Map out which plants you will include

When choosing plants try to use a mix of colors and textures. That makes your garden more attractive to different pollinators as well as more pleasing to look at. Different pollinators are attracted to different colors. Bees like blue, purple, yellow and white. Butterflies prefer red, yellow, orange, pink and purple blooms. And birds like many of the same colors, like red, pink, orange, yellow and blue.

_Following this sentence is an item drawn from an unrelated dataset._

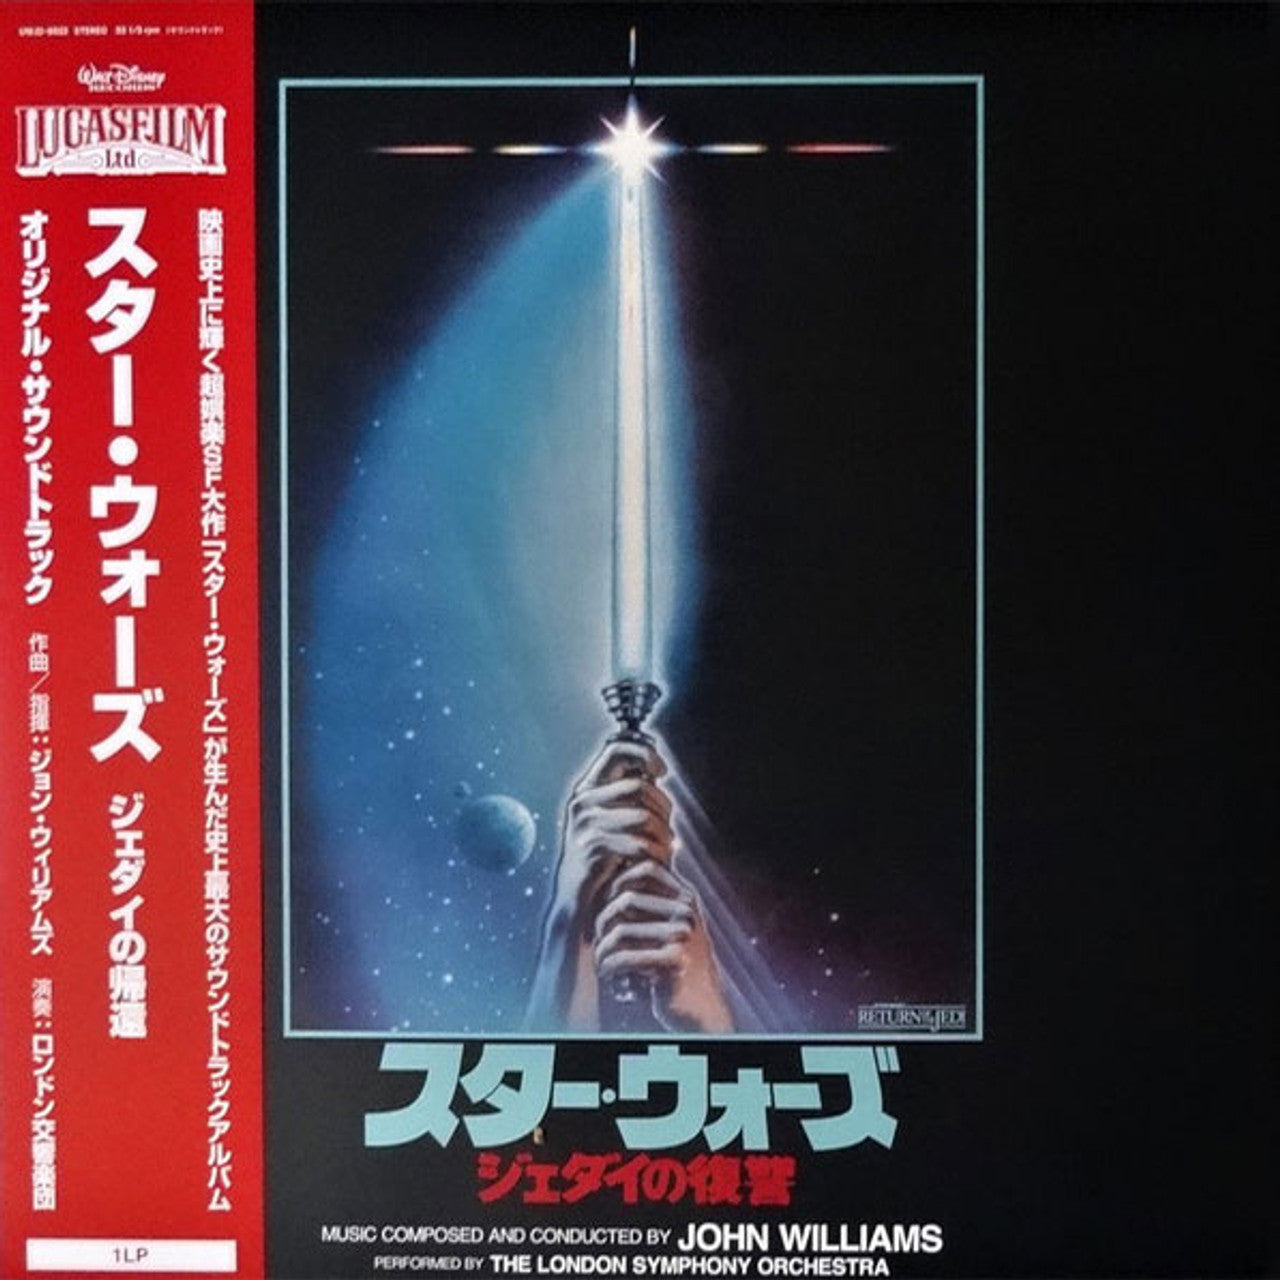 Star Wars: Return of the Jedi (Japanese Version) Import LP - John Williams
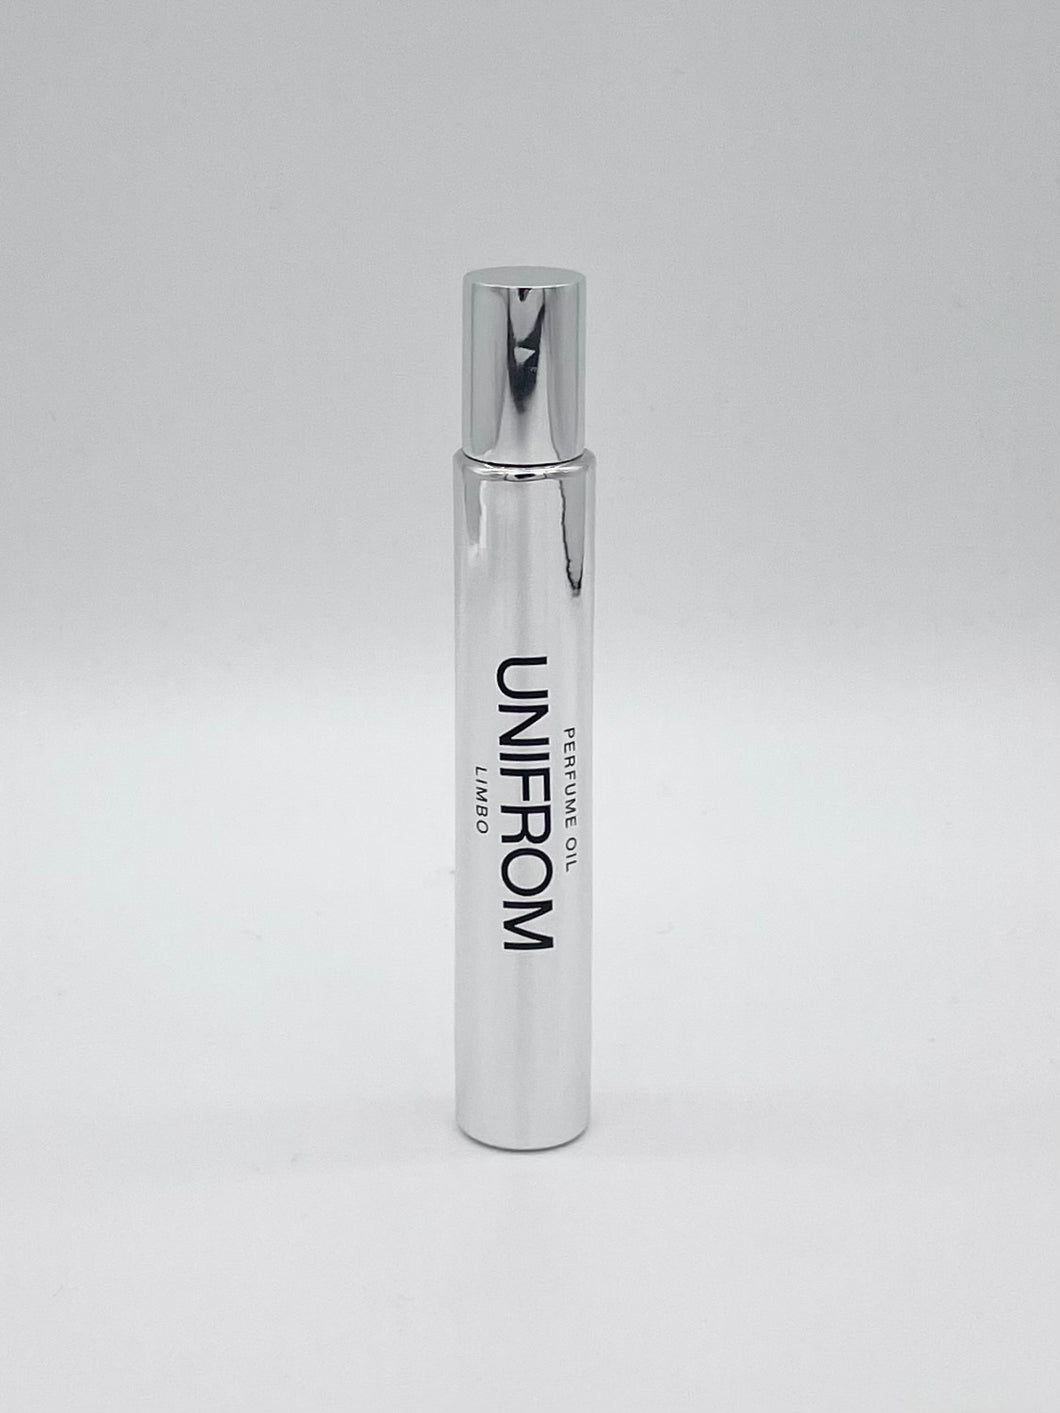 Unifrom - Limbo perfume oil

When planning your garden map out when they bloom, and fill in any gaps in timing. This will ensure pollinators always have something to eat. Different species of bees, butterflies and other pollinators are active in Ohio at different times of the year. Gardeners can help pollinators by planting flowers with a sequence of bloom throughout the growing season, from early spring through late fall. If you choose a variety of plants with different bloom seasons you can keep your garden lovely from spring through fall as well as assist your pollinators throughout those seasons.

Gantz Gardens, Grove City

Include Native Plants

Here is a list of some Ohio-native plants to consider including:

  • Goldenrod
  • White and Purple Asters
  • Butterfly Weed
  • Giant Milkweed
  • Purple Star Thistle
  • Giant Catmint
  • Ohio Spiderwort

Some additional pollinator-friendly plants that aren’t necessarily Ohio-natives but are still great to consider are:

  • Coneflower (especially purple and yellow)
  • Blazing Star Liatris
  • Lavender Hyssop
  • Maximillian Sunflower
  • Wild Lupine
  • Yarrow
  • Joe Pye Weed

Once you have your garden spot selected, the plants mapped out by blooming season, and have made sure to include some native options you are ready to get started. Nurseries are considered essential businesses in Ohio and many are allowing online or phone orders and curb-side pick-up. Try to keep your local nurseries and smaller businesses in mind when planning your gardens, especially this year. And don’t forget to get your kids involved in the planting! It will get them moving, get them outside, and help teach them where they’re food comes from (it definitely counts as science and math!).

Helping pollinators while supporting local businesses — what could be better than that? Happy planting, Ohio!